- Interactive map of the Baoneng Shenyang Global Financial Center 沈阳宝能环球金融中心 area

General information
- Status: Under Construction (Tower 1) Topped-out (Tower 2)
- Location: Shenyang, Liaoning, China
- Coordinates: 41°46′44″N 123°26′05″E﻿ / ﻿41.7790°N 123.4348°E
- Construction started: 2014
- Estimated completion: 2027
- Owner: Baoneng Group

Height
- Height: 388 m (1,273 ft) 328 m / 1,076 ft (Tower 2) 200 m / 656 ft (Towers 3 to 7)

Technical details
- Floor count: 75 (Tower 1) 80 (Tower 2) 56 (Towers 3 to 7)

Design and construction
- Architecture firm: Atkins
- Structural engineer: RBS, Shenzhen General Institute
- Main contractor: China Construction Third Engineering Bureau Corp.

References

= Baoneng Shenyang Global Financial Center =

Building in Shenyang, China

Baoneng Shenyang Global Financial Center (沈阳宝能环球金融中心 (Shěnyáng Bǎonéng Huánqiú Jīnróng Zhōngxīn)) is an under construction high-rise development located in Shenyang, Liaoning, China.

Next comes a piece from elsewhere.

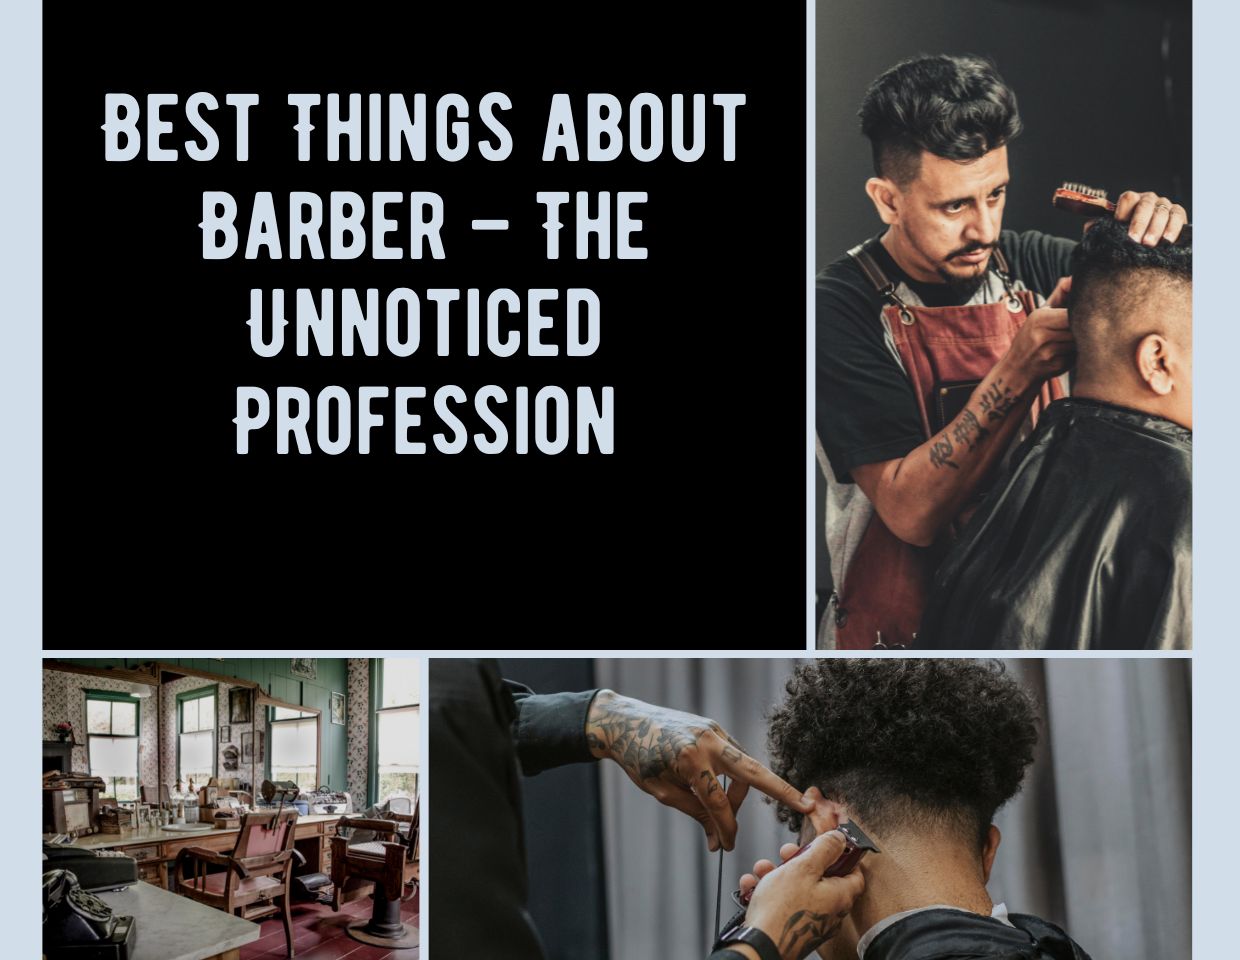 bestthings-about-barber-person

It consists of seven total buildings, with two being office buildings and the other five serving as apartment buildings. Although the residential towers were completed in 2018, the two office towers remain unfinished. Global Financial Center Tower 2, the 328-meter tower, is topped out at its full height and has been on-hold since 2022, but construction was resumed in December 2025 and will finish by 2027. The tallest building, the Global Financial Center Tower 1 is the building that has had the most difficulties out of the entire development. Originally planned to rise 568 m, construction reached nine floors, but was put on hold. Due to a ban in China on the construction of buildings over 500 meters (1,641 feet), the 568-meter design was abandoned and subsequently reduced in height to various heights before being scrapped entirely and completely redesigned. The redesigned Tower 1 is now expected to be 388 m tall and its construction will finish in 2027.